Weather stuff is tricky when you’re away. You want it to be nice. And on days when it does indeed exceed your hopes, you want to make sure you don’t waste a single minute of it. That’s a lot of pressure!
Still, as the pilot bumped his way to a landing in sunny Milan (and passengers grumbled at the added little bounce -- “that’s Altitalia for you!” -- one said, but then, a flight from Paris to Milan is always filled with people who look like this:
on the bus to the plane
Men in a hurry), I was looking out the window and thinking – wow, the Milanese spring is two weeks ahead of where our spring is right now. Amazing! (Both theirs and ours.)
Just to clarify, the lake region of Italy is just south of the Alps. You can this flying into Milan. Here’s the first of the big beauties – Lake Como, spreading its claws right up into the mountains.
On my return next week, I have to spend a night in Milan. That’s not the best way to end a trip, but early flights force my hand there. But there’s no reason to even pause in this city on my arrival. From airport, straight to the train station, where I catch the local to Brescia. (The local is always half the price of the snazzy intercity – there it is, that speeding devil, showing off its bright redness, like Mr Red back home, or my rosie, or my red hot lover. Forget you all! This time I’m on the pokey green snake.)

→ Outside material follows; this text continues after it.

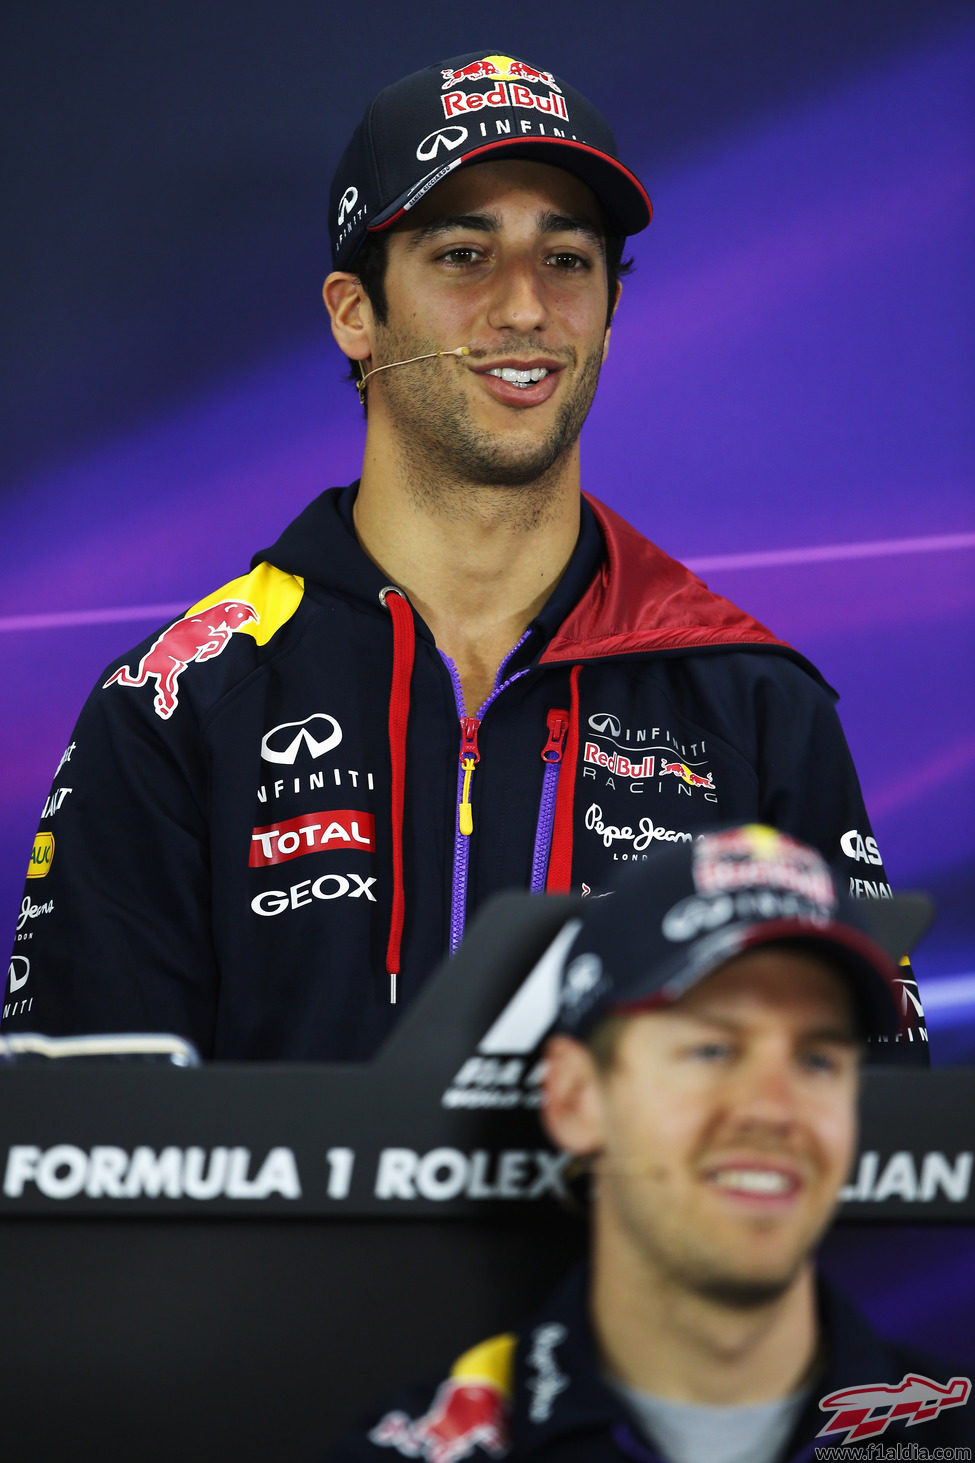 Daniel Ricciardo y Sebastian Vettel en la rueda de prensa de pilotos de la FIA

It’s always a challenge to take these trains after a long and convoluted series of flights. Far too easy to fall asleep and miss your station. The warm sun comes in through the windows, the train rocks gently, in the distance, the northern Alps frame your views...
No, I must stay awake.
Italian trains aren’t as on the spot punctual as those in neighboring countries (I’m thinking France, Spain, Switzerland, Germany) – so you can’t plan your connections around them. A little over an hour later, ss we pull into Brescia (a city at the southern end of Lake Garda), I see that we’re a tad late. So I miss a good bus to Gargnano. Ah well, there are plenty of others.
If I could fall asleep standing up (Ed can do it, I cannot), I would do it now, at the bus station in Brescia. It’s fairly crowded here, on this Friday afternoon. Lots of high school kids, too, returning (cigarettes out, ah, foolish kids!) to their homes on the outskirts, or in the lakeside villages. When my Gargnano bus finally comes, it fills up quickly.
This is what people do when their gas gets taxed at higher rates – they cut back on using their cars and rely on public transportation, which then improves significantly to meet the growing demand. I’m one who believes that this is a good thing.
It’s my final leg of the journey and on the bus (an hour and a half ride), I can at last doze off. Mine is the last stop on the line. But who can sleep! Watching school kids get on and off, listening to the chatter of the older couple behind me – these rides are like café people watching: full of the excitement of being in a different country.
By the time I arrive at Gargnano (pronounced Gar-nia-no), the bus is nearly empty. I get off and look around.
What a stunning little place!
Gargnano is actually a handful of hamlets, clustered at the shore of Lake Garda and extending into the hills above it. I’m staying at the heart, where shops, cafes and eateries line a beautiful waterfront.
My hotel is a short walk – along a quiet street by the water’s edge.
Let me say right at the outset that the prevailing mood here, at the family run Hotel du Lac is that of a gentle quiet. Right now, the deep waters of Lake Garda are very still. At night, the wind picks up and I listen to the splash of small waves along the pebble shore. But there is no other noise, no disturbance.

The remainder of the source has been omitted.